Crisis Aesthetics: Film, Form & Futurity

Subject Code

FSFV

Course Number

621J

Academic Level

GR - Graduate

Description

What lies ahead of us? How do our notions about the future inform and shape the present? Is looking back a way to look forward? If so, what are the different perspectives - historical/cultural/aesthetic - that guide this process? And how do technologies through which we see and represent the world dictate how futures are imagined?

Crisis Aesthetics examines how cinema has long served as a site of speculation and sense-making during periods of upheaval - social, political, ecological, and existential. Through an exploration of futurist imaginaries across the history of cinema and art, this course analyzes how the future has been mediated through film, and the possibilities it offers for transformation, resistance and radical reworlding.

At a moment when the world appears to be on the brink of collapse, the future seems uncertain and fraught with anxiety - yet also charged with potential. This course invites you to engage in speculative thinking as a form of collective divination, to reflect upon the role of filmmaking and art in proposing a way forward.

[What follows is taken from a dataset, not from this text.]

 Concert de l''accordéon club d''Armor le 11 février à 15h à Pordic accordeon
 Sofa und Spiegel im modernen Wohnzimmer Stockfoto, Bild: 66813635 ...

After all, the crystal orb that shows us the future is also a looking glass, carrying a reflection of the present we inhabit.

We will examine futurisms drawn from a diverse range of socio-cultural and geographic contexts, attending to the possibilities that the medium holds for poetic departures. From the genre inflections of science-fiction and horror to afro- and indigenous futurisms, we will trace how artists and filmmakers harness material, form, and technology to respond to their present - and to imagine otherwise.

The course will engage with the cinematic works and processes of filmmakers such as John Akomfrah, the Otolith Group, Mamoru Oshii, Chris Marker, Colectivo Los Ingrvidos, Payal Kapadia, Kamal Aljafari, Ben Rivers, and Zhou Tao, among others. Our inquiry will be further supplemented by readings drawn from philosophy, literature, and cultural theory, including the writings of Kodwo Eshun, Grace Dillon, Ursula K. Le Guin, Ted Chiang, Jason Jorjani, Octavia E Butler, Strugatsky Brothers, and others. We will also draw inspiration from art forms beyond cinema, reviewing fine art and sonic practices that relate to the thematic underpinnings of the course.

Students will participate in weekly screenings, readings, and discussions, culminating in a final moving-image project that articulates a personal vision of the future rooted in their present perspective. In-progress reviews and group critiques will offer a space for feedback, dialogue, and refinement.